租税は、口分田の広さに応じた地代である租、計帳に基づく人頭税の調・庸・雑徭を徴税
↓
2 人口増加による口分田不足→開墾奨励→百万町歩の開墾計画、三世一身法
↓
3 墾田永年私財法→開墾した土地の永年私有を保障→公地公民の原則が崩れる
↓
4 貴族・寺院による私有地拡大→初期荘園(有力農民の協力を得て耕作)
↓
【9世紀】
5 農民の貧富の拡大→偽籍の横行→班田収授の実施困難に
↓
6 公営田(大宰府管内)・官田(畿内)という有力農民を利用した直営方式の採用
↓
7 院宮王臣家(天皇と親密な関係にある皇族や貴族)が、私的に多くの土地を集積して、国家財政を圧迫
↓
【10世紀】
8 延喜の荘園整理令を出して、違法な土地所有を禁じ、班田を命じた
↓
しかし、効果なく
↓
9 戸籍・計帳に基づいて租・調・庸を徴税して財政を維持は不可能に
↓
そのため中央集権制度から、地方官である国司への大幅な権限委譲
↓
10 任国に赴任する国司の最上級者に、大きな権限と責任を負わせる
↓
11 受領は、課税対象の田地を名という徴税単位にわけ、田堵に耕作を請負わせた
↓
12 受領が土地を基礎に負名から地代を徴税する体制になった
教科書(『詳説日本史』(山川))には「租・調・庸や公出挙の利稲の系譜を引く税である官物と、雑徭に由来し本来力役である臨時雑役を課すようになった」と書かれている。

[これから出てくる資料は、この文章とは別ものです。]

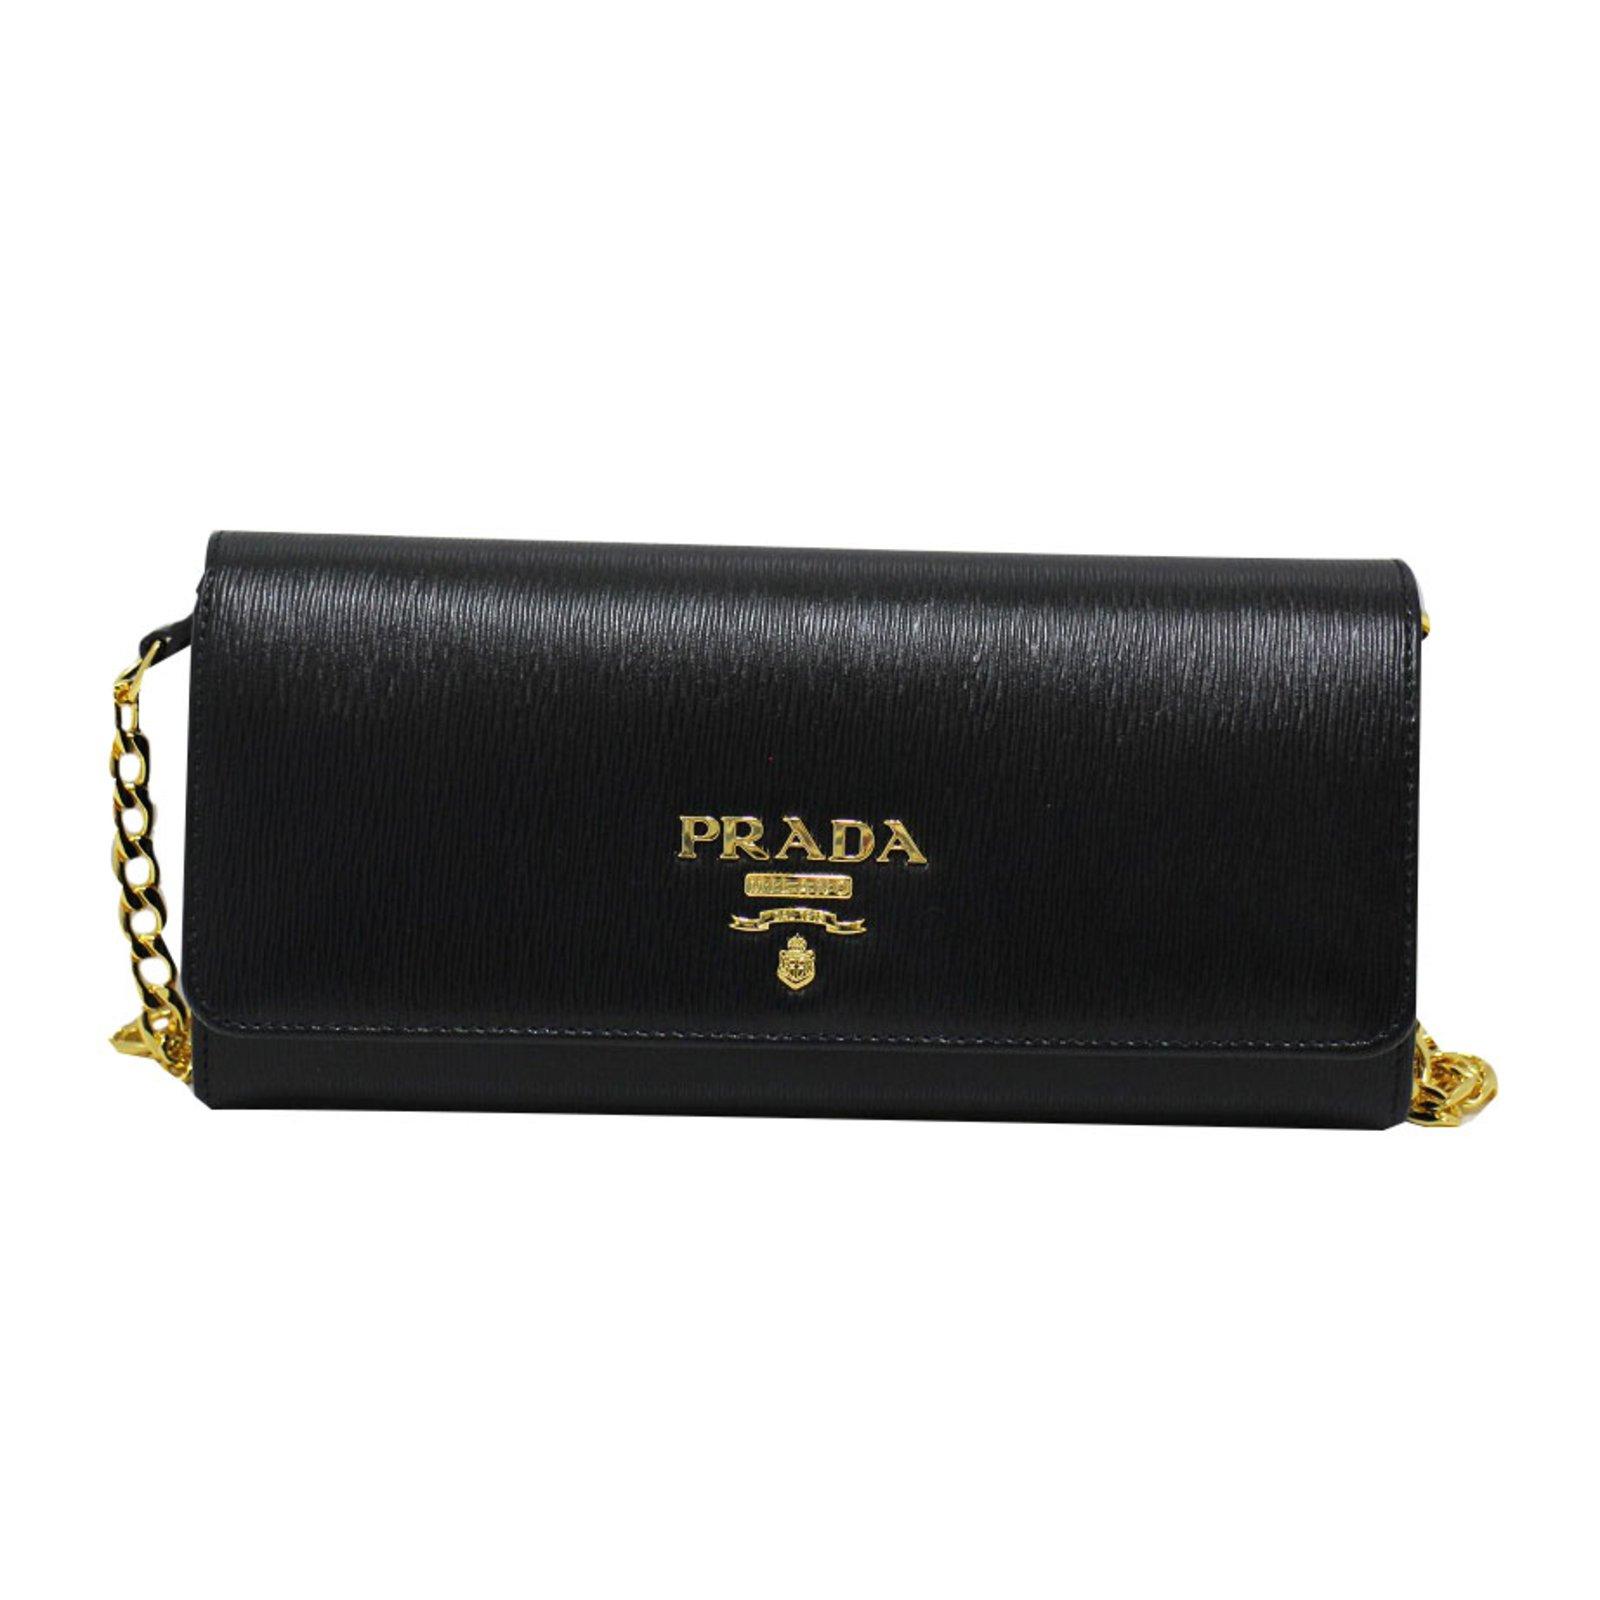 b39223af62 ... discount code for prada prada black leather cross body bag purses  wallets cases leather black ref
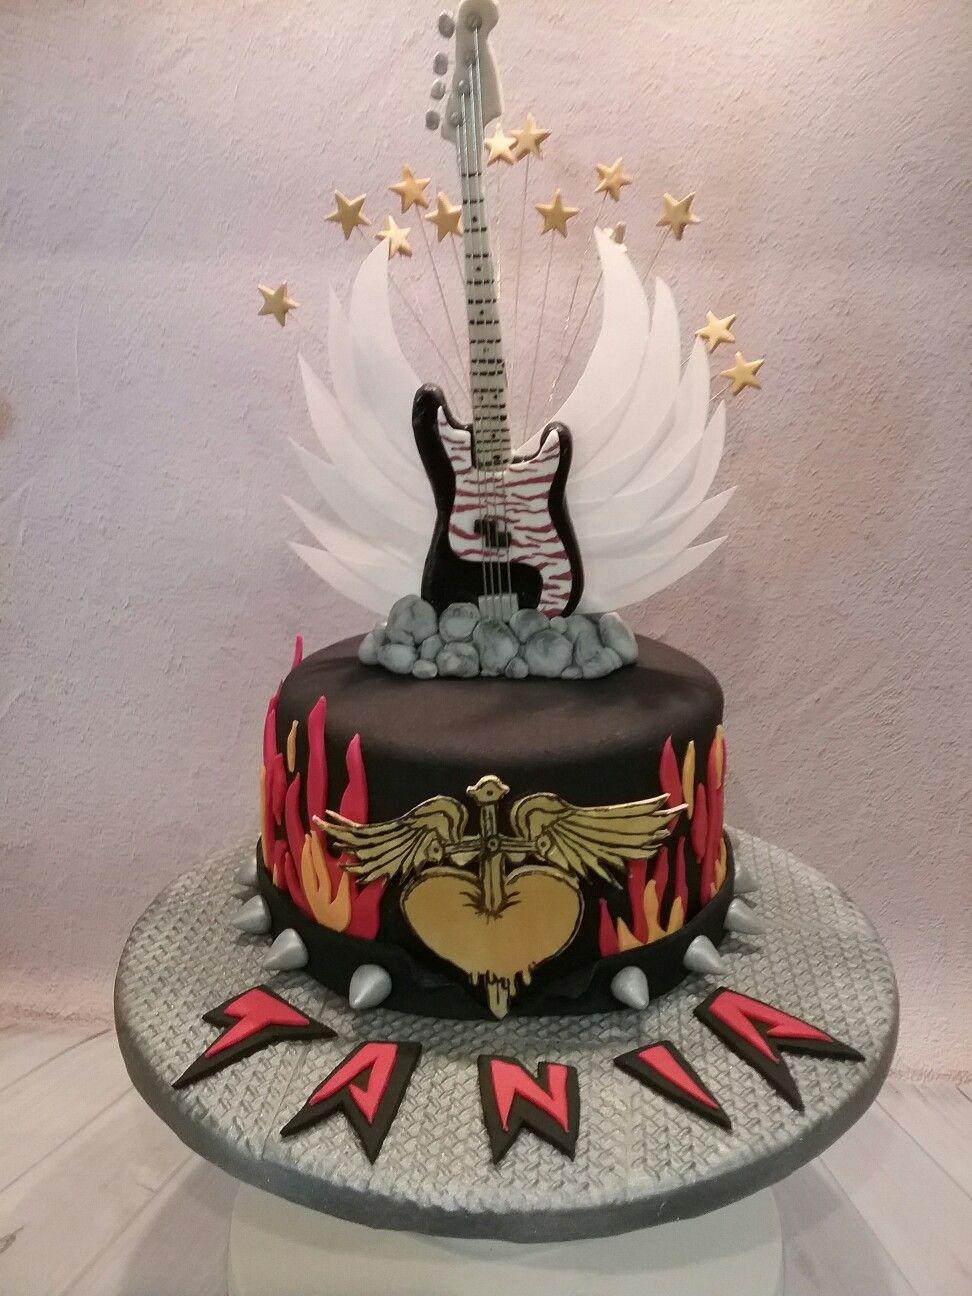 Rock n roll guitar cake by Dimitra Koniosi Markou

この「租・調・庸や公出挙の利稲の系譜を引く税である官物」というが、実際に納めるのは稲や布などである。本来、租は地代としての稲であり、庸は人頭税としての布である。
しかし、戸籍・計帳で民衆を把握することができないから、土地の広さに応じて、「この広さの土地からは、○○の布を税として納める」と基準を定めて、庸布に相当する布を徴収した。「尾張国郡司百姓等解」は、「この基準を大幅に超えて藤原元命は税を取り立てた」と訴えているのである。
<野澤の解答例>
律令国家は民衆を戸籍に登録し、戸単位で口分田を班給して租税を徴収した。人口増加による口分田不足を補い、税の増収をはかるため三世一身法を発し、次いで墾田永年私財法を出して、開墾した田地の永年私有を保障した。この政策は貴族や寺院などによる私有地拡大を進め、初期荘園がつくられた。農民間の貧富の差が拡大すると偽籍が増え、班田収授の実施は困難になった。政府は、有力農民を利用した公営田や官田という直営方式を採用して財源の確保に努めたが、皇族や貴族は私的に多くの土地を集積し、国家財政を圧迫した。そのため延喜の荘園整理令を出して、違法な土地所有を禁じたり、班田を命じたりしたが、戸籍・計帳をもとに国家財源を維持するのは不可能となっていた。そこで受領に強い権限と責任を負わせ、課税対象となる田地を名という徴税単位に分けて、田堵に耕作を請け負わせた。これにより土地を基礎に受領が負名から地代を徴税する体制ができた。(筑波大学2020年度 400字)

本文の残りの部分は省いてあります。